*** Entries shown Section Begins ***

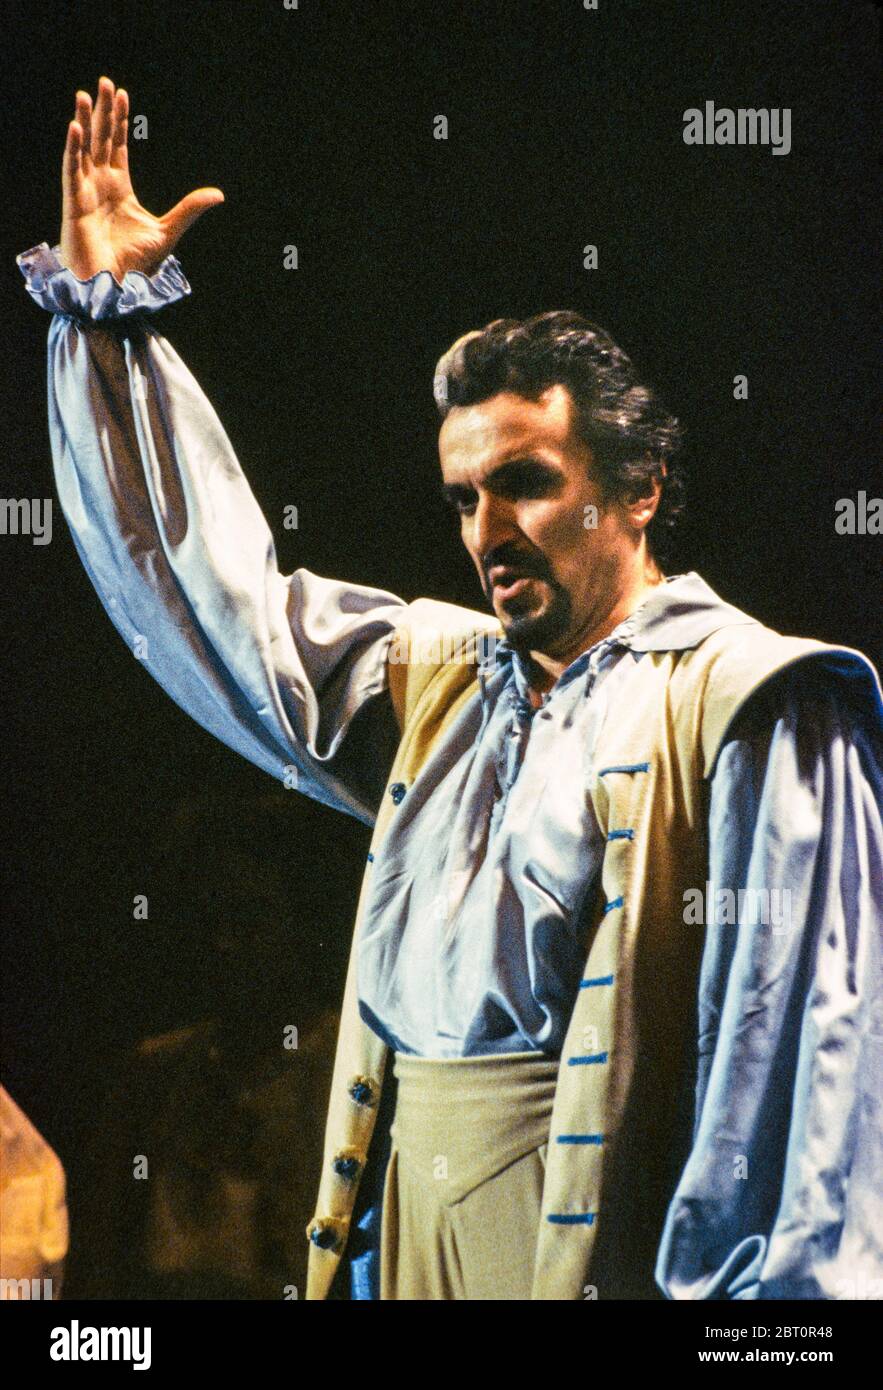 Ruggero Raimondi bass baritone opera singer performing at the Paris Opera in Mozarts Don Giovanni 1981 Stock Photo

*** Entries shown Section Ends ***
*** Entries shown Section Begins ***

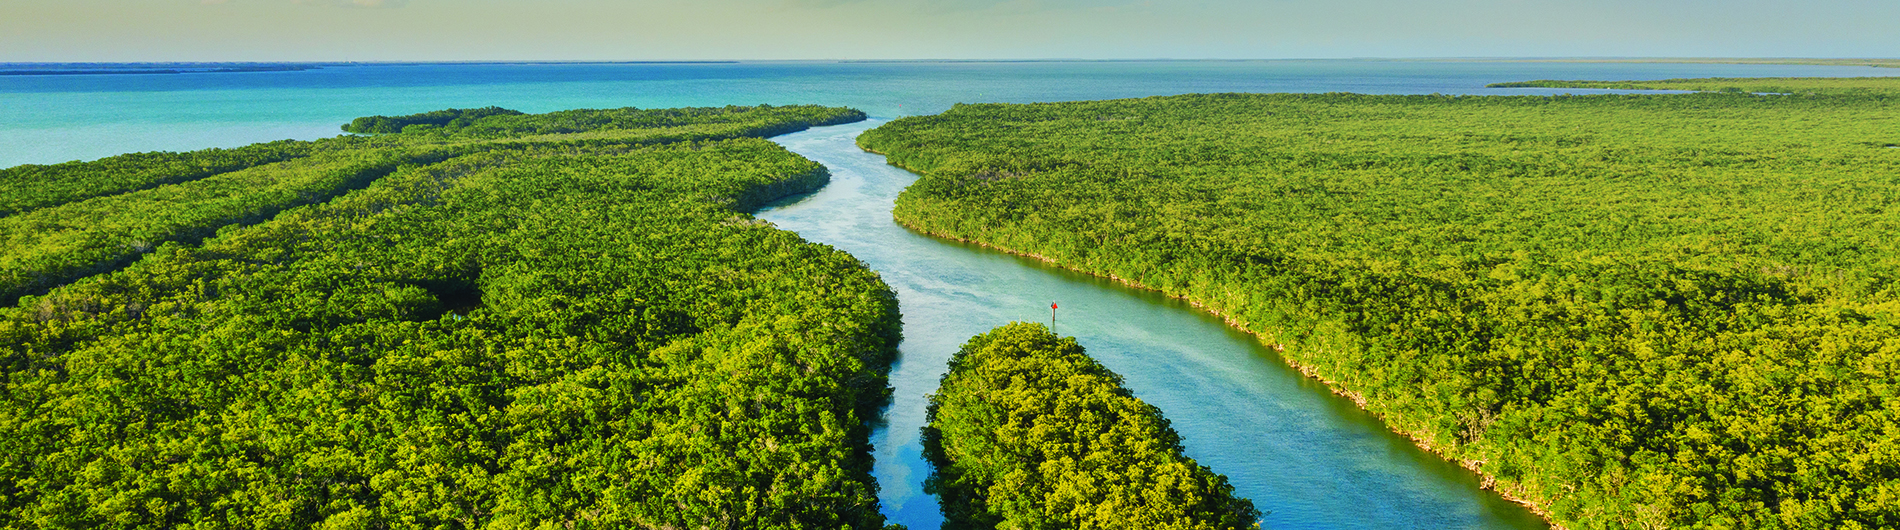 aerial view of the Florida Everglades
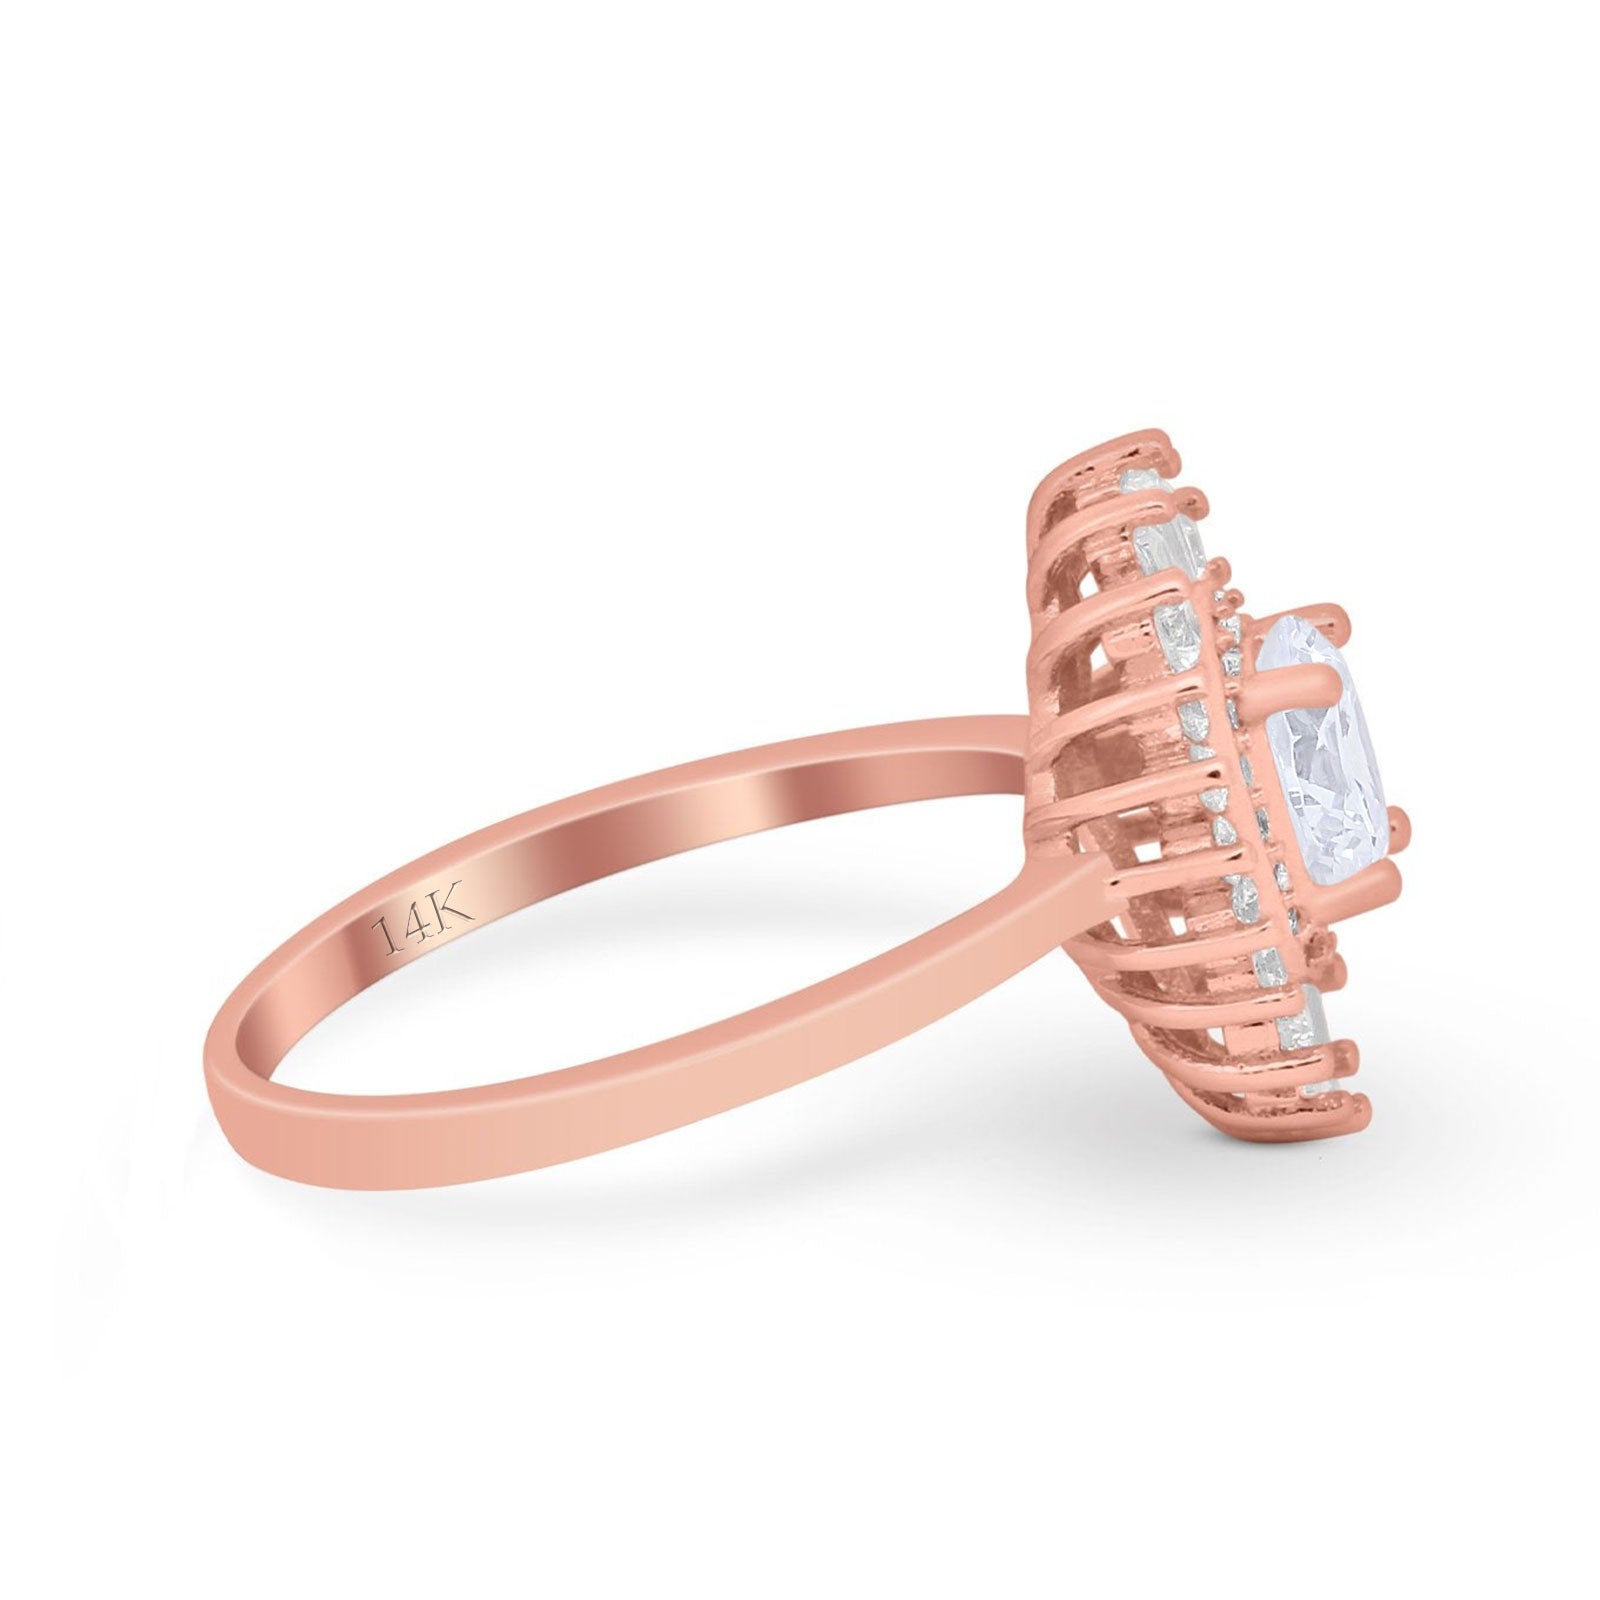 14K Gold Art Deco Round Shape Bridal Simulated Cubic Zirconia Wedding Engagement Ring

*** Entries shown Section Ends ***

__What you have to do__. Look above for the line with "aerial view of the Florida Everglades", then print it and each line after it down to and including the line with "14K Gold Art". Leave out the pictures and keep the wording exact.

__Solution to this task__.
 aerial view of the Florida Everglades
 14K Gold Art Deco Round Shape Bridal Simulated Cubic Zirconia Wedding Engagement Ring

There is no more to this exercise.